We have picked it up in paired-end analysis. However we have seen the same bit of code in the single-end subroutine code so it will probably be the same thing because these are "GA" alignments.

Z

**olivertam** · 03-27-2011, 07:35 PM

Hi Z,

I made the changes. Could you test whether it works properly now?

Thanks heaps for picking it up.

Cheers,
Oliver

Attached Files

bismark_to_SAM_v3a.pl (12.4 KB, 40 views)

**zee** · 03-27-2011, 07:55 PM

Yep it works fine now. It would be good if you rather created a BAM file with a pipe to "samtools view -t <chr.sizes> -bS -" for space saving. Just a suggestion because I like working with BAM files that take less disk space.

**olivertam** · 03-27-2011, 08:02 PM

Hi Z,

That's not a bad idea at all. I'll look into that.

Thanks heaps.

Cheers,
Oliver

**zee** · 03-27-2011, 08:09 PM

Hi Oliver,

Attached is a version we modified for our work with novoalign-novomethyl and bismark. We output an extra SAM tag ZB:Z:GA or ZB:Z:CT so that we're able to split these out later in our pipeline.

Attached Files

bismark2bam.pl (12.8 KB, 53 views)

**fkrueger** · 04-07-2011, 02:53 AM

Hi Zee,

Would it be OK if I stuck your bismark2bam.pl script up on our website?

Felix

**zee** · 04-07-2011, 03:05 AM

Sure thing it's open to anybody who wants to use it.

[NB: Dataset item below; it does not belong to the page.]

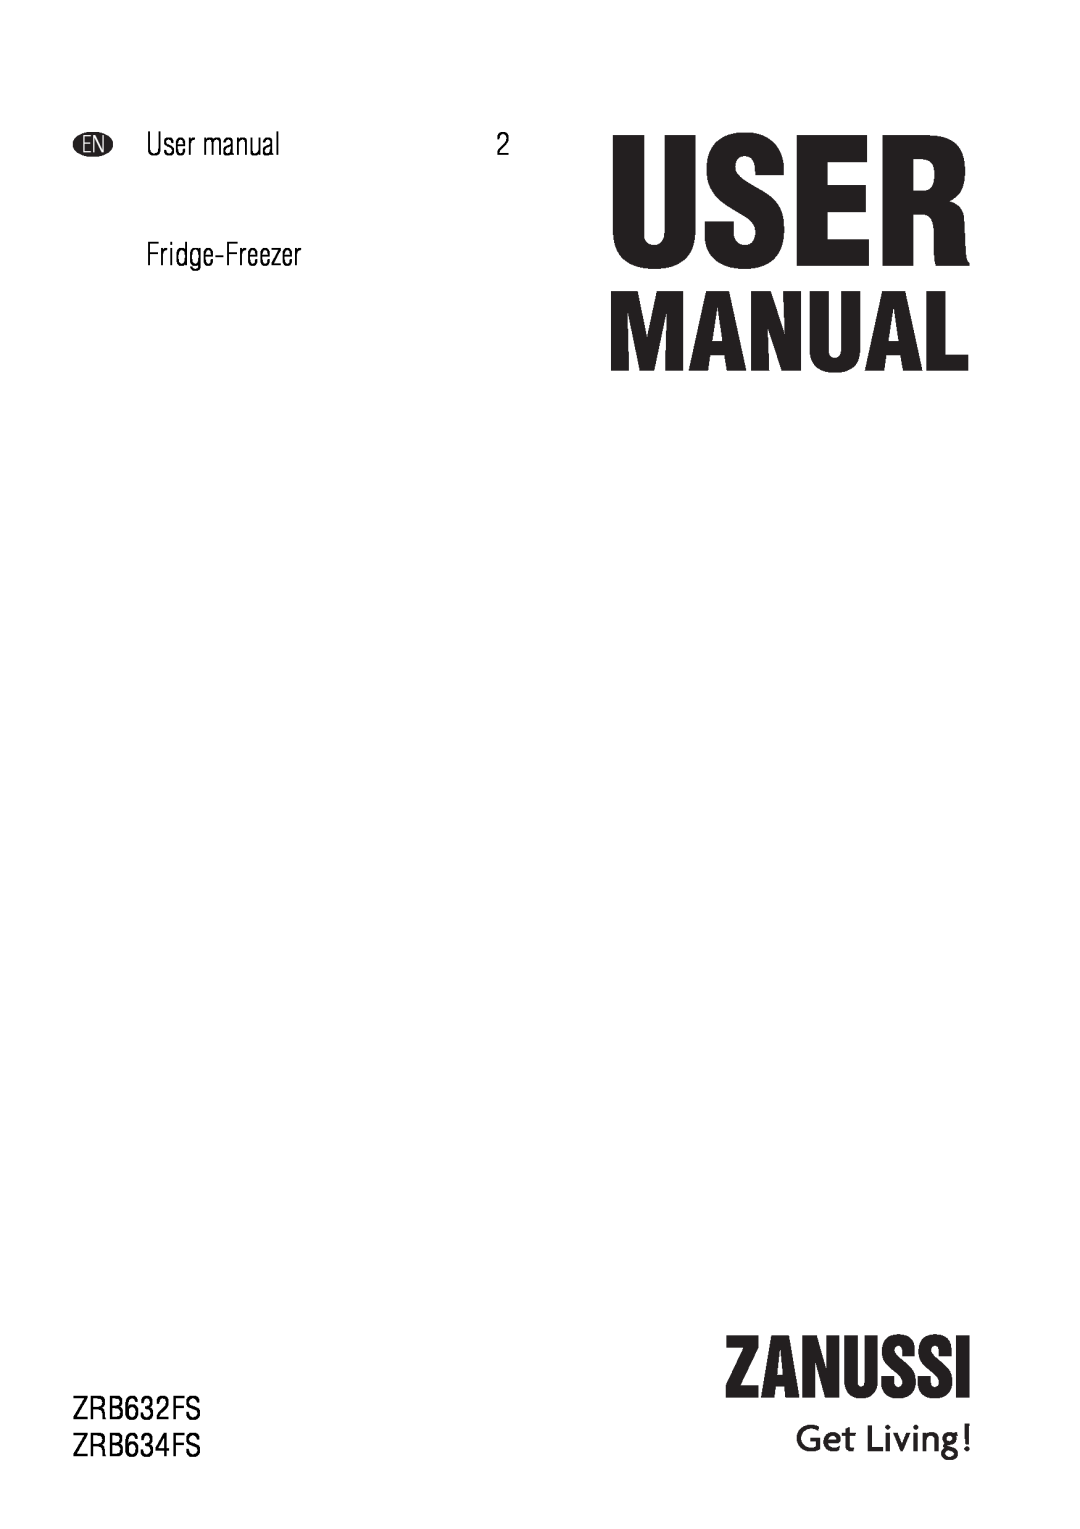 Zanussi user manual User manual, Fridge-Freezer, ZRB632FS ZRB634FS

**zeam** · 04-15-2011, 12:18 AM

Hey guys,
Recently ,I was using bismark to process my methyC-seq data, but the efficiency of mapping is not so good.And I know the species I work on is transposon rich which is greter than 60%.In most papers,their mapping efficiency is greater than 70%.But for my methylome data,it's about 40% for single end reads, and 68% for paired ends reads.

Does anyone have encounter the similar mapping problem?Or someone can give me some suggestions about the mapping strategy.Half of my reads are single end.

**fkrueger** · 04-15-2011, 12:38 AM

Hi Zeam,

could you give us a few more details about your actual experiment? A paired-end mapping efficiency of 68% for BS-Seq data sounds quite good to me, but 40% for SE is indeed a bit low.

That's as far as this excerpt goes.